Commensing clean up....


----------



## Eatontkd (Jul 30, 2022)

Pretty much finished the first round of cleaning. I removed the chain guard and chain to make it easier. I will be getting a new chain anyway. So, I'm thinking an an adult muscle bike; remove the fenders, interesting tires, banana seat with sissy bar and high rise handlebars. Should be fun to cruise the island...


----------



## 49autocycledeluxe (Aug 6, 2022)

I had it's 26" big brother a while back.  🙂


----------



## 49autocycledeluxe (Aug 6, 2022)

I had a 24" Schwinn for a while, with Stingray handlebars they fit full sized people just fine.


----------



## Eatontkd (Aug 6, 2022)

49autocycledeluxe said:


> I had a 24" Schwinn for a while, with Stingray handlebars they fit full sized people just fine.

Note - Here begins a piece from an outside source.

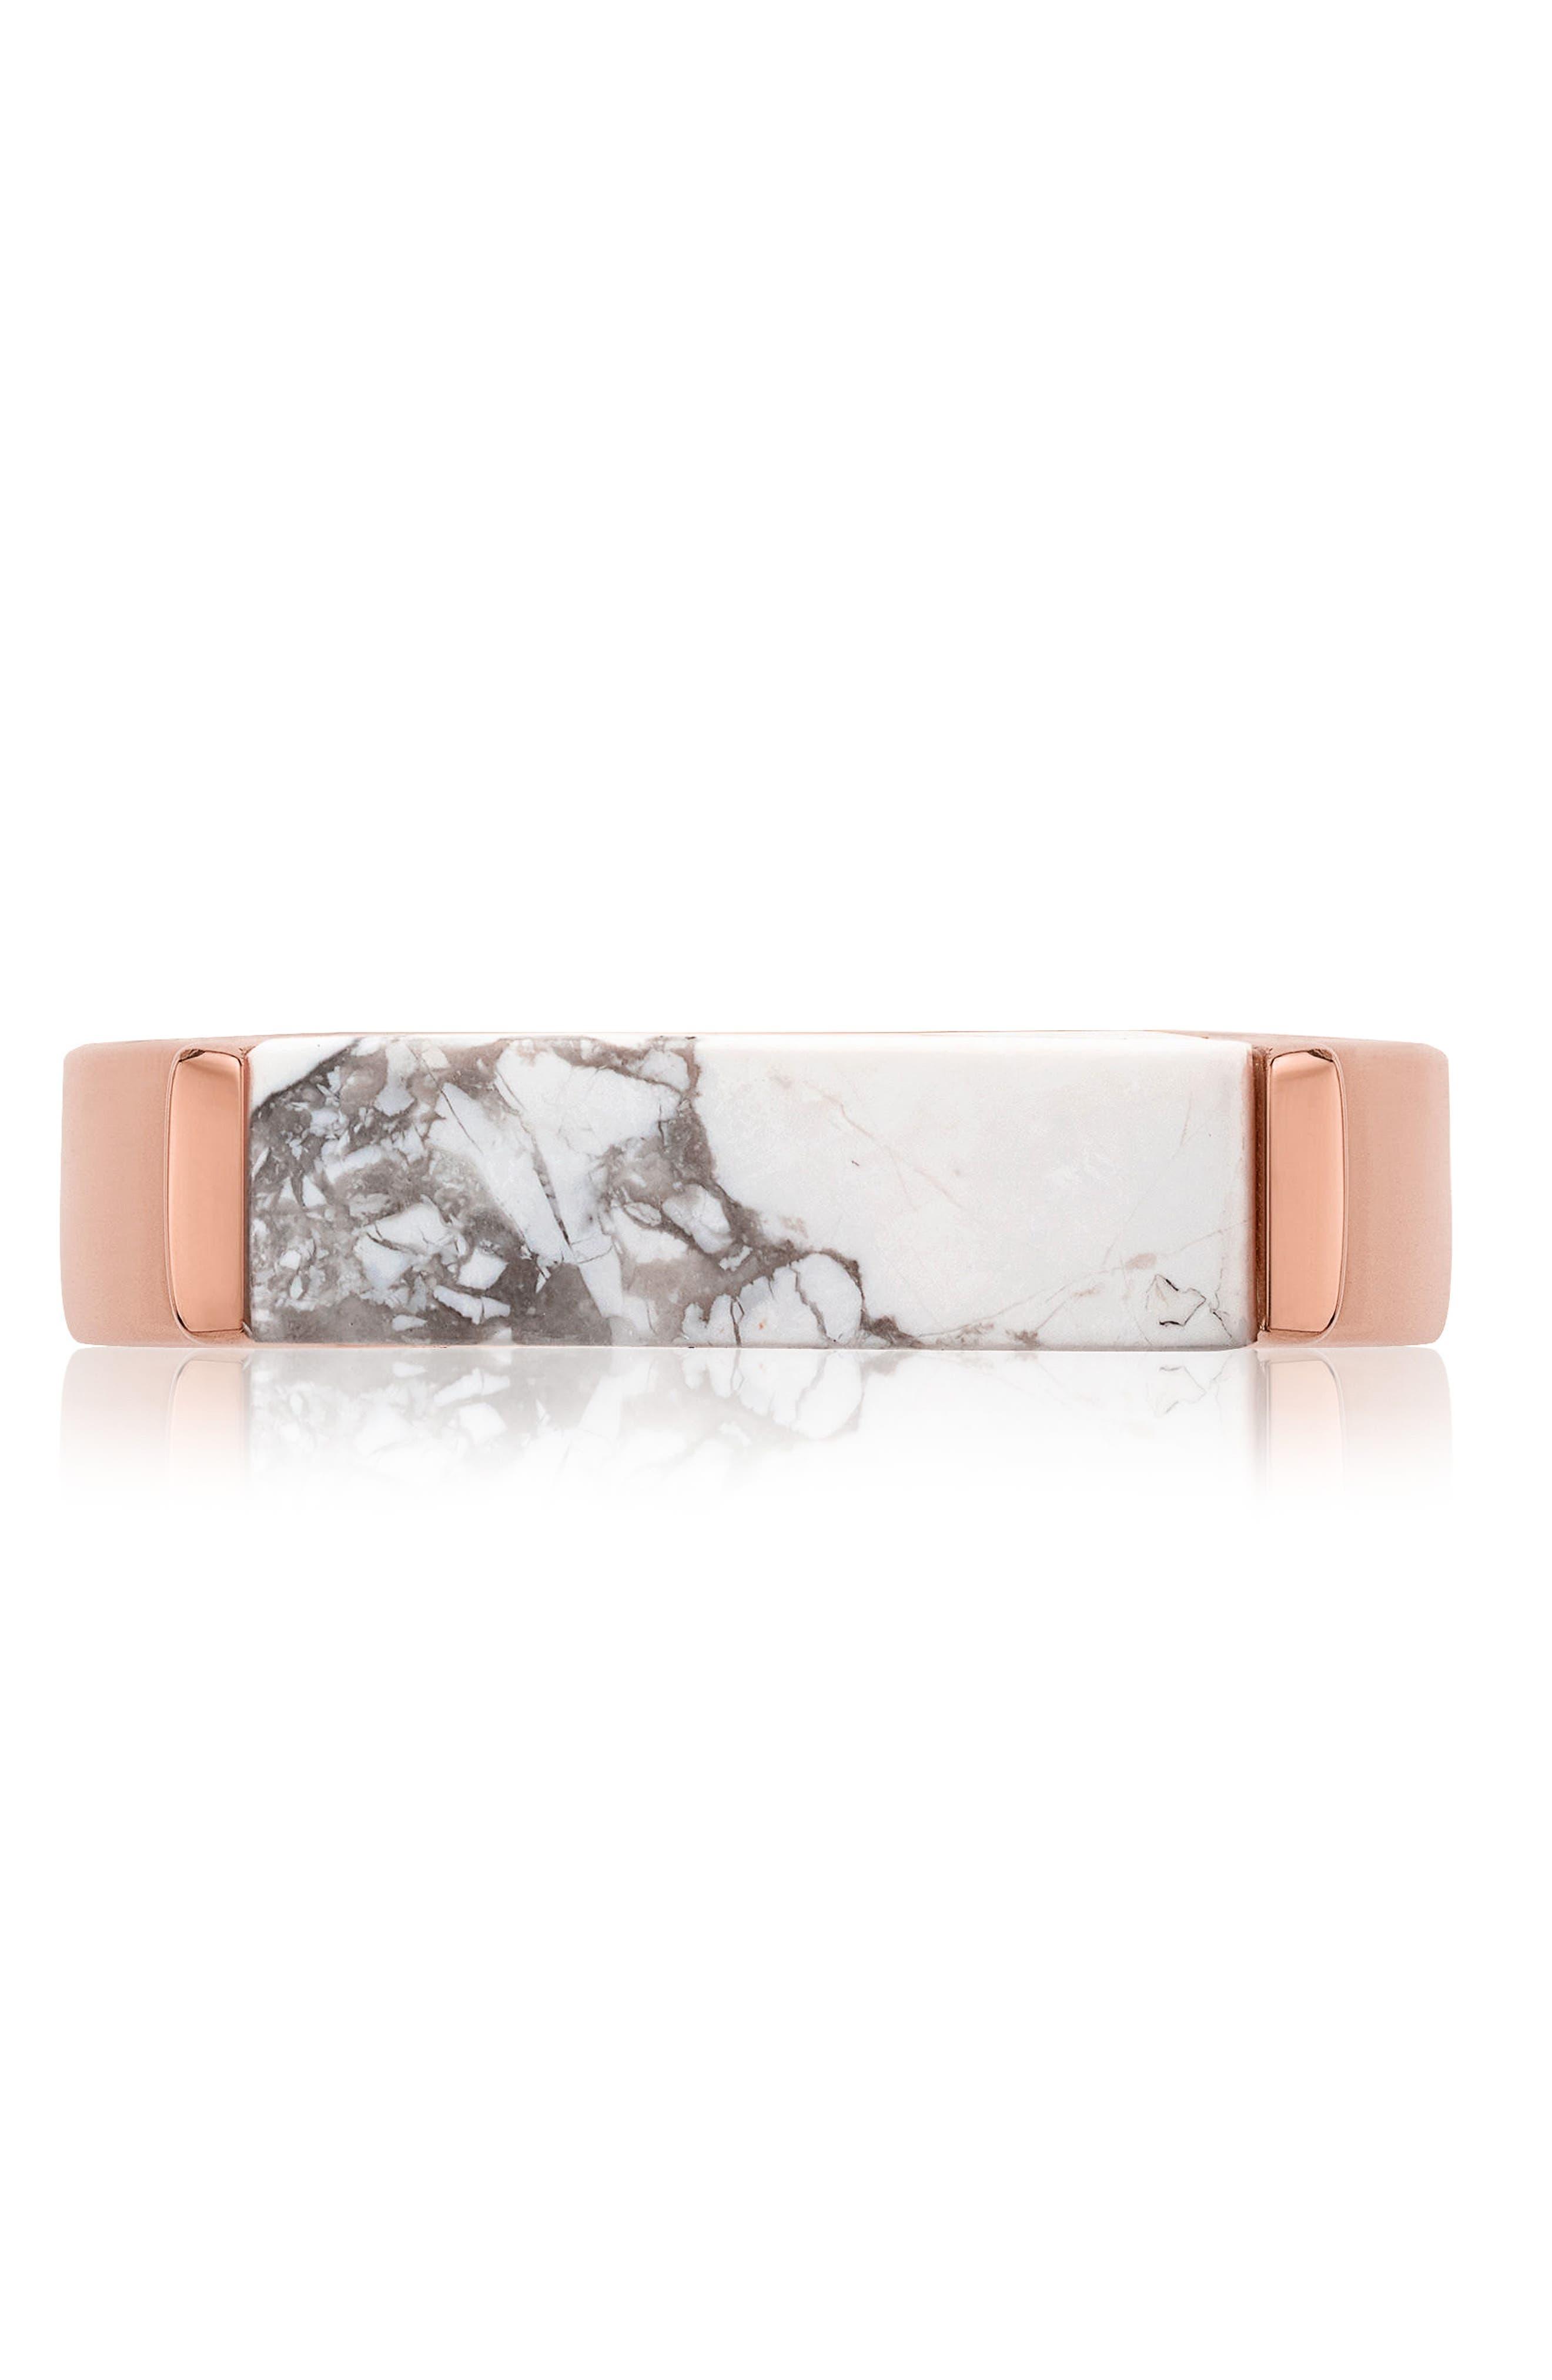 Engravable Linear Stone Ring,                             Alternate thumbnail 3, color,                             ROSE GOLD/ HOWLITE

That's my plan. Those and a banana seat. The pedal stroke is smaller than I'm used to but it should be fun to cruise around on...


----------



## Eatontkd (Nov 21, 2022)

It's been slow going on this project; same old stuff, family, work, life... I did pick up a really great deal on a banana seat of unknown origin that cleaned up very well. Fenders are off and it's starting to grow on me...


----------